# Satellite/Cable in Mexico City?



## Vortexijah (Oct 20, 2009)

This is my first post on Expat Forum. I hope I'm following the rules correctly and not continuing a thread already in existence. I married a Mexican woman from Mexico City this past April. We are currently living in St. Louis. We plan on moving to Mexico this December. I like to watch TV and so I am wondering what Cable or Satellite company (that serves Mexico City) carries the largest amount of English language programming? Any recommendations would be appreciated. 

Thanks. 
Vortexijah


----------



## Rodrigo84 (Mar 5, 2008)

Vortexijah said:


> This is my first post on Expat Forum. I hope I'm following the rules correctly and not continuing a thread already in existence. I married a Mexican woman from Mexico City this past April. We are currently living in St. Louis. We plan on moving to Mexico this December. I like to watch TV and so I am wondering what Cable or Satellite company (that serves Mexico City) carries the largest amount of English language programming? Any recommendations would be appreciated.
> 
> Thanks.
> Vortexijah


There are two. For Satellite it's Sky TV and for Cable it's Cablevision. Sky, at least in my opinion, has more English programming, but I would not call it DirecTV or Dish Network at all. In fact, many Americans I talk to consider it downright poor in terms of programming compared with what they're used to particularly in the sports department.

It is possible to rig up a DirecTV box and dish you'd bring down from the states, but it won't get all of the programming. People who have gone with Dish Network have been able to get all of the programming. (DISH points West whereas to my knowledge DirecTV points more north).

Some people like my cousin used to have family in the states with DirecTV and wound up getting high speed Internet and used a Slingbox to be able to pick off the DirecTV over the net.

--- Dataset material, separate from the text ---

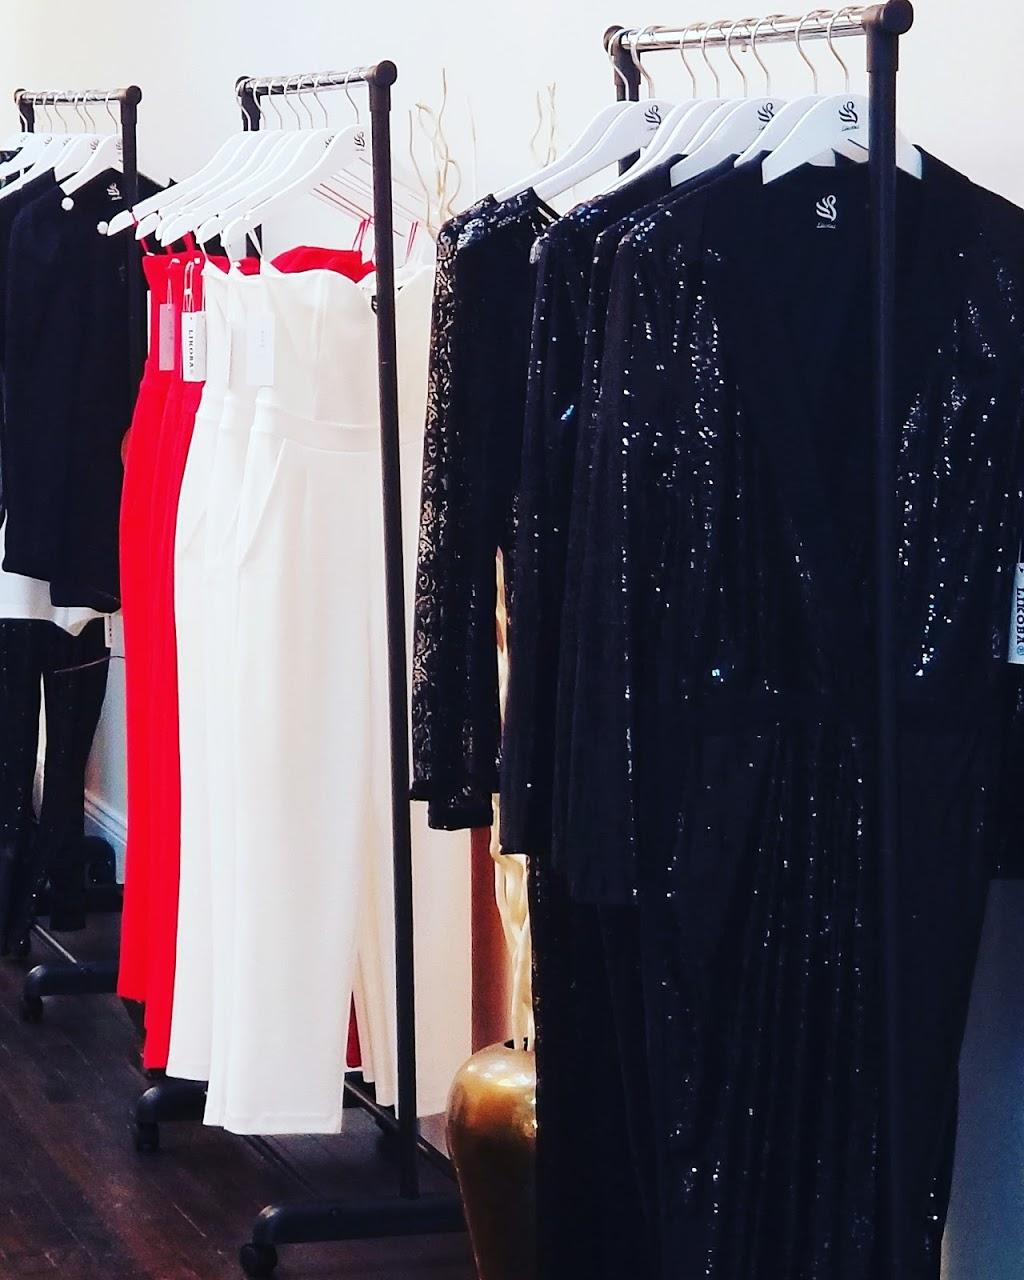 LIKOBA LLC - clothing store  | Photo 5 of 10 | Address: 25 Elizabeth St, Derby, CT 06418, USA | Phone: (203) 275-7770

There are places on the net that show a lot of American channels. I frequent Justin.tv - Live Video and Chat for Everyone for a lot of programming, particularly American football.


----------



## f3drivr (Nov 18, 2008)

There are plenty of Canadians and Americans that have Starchoice in Mazatlan and are getting a strong signal and able to watch all channels with a 75 cm dish. I have talked to people with Dish Network and they are missing channels even with very large dishes, DirecTV is even worse. Mexico City is farther South than Mazatlan but I have heard of people watching Starchoice as far South as Guatemala.


----------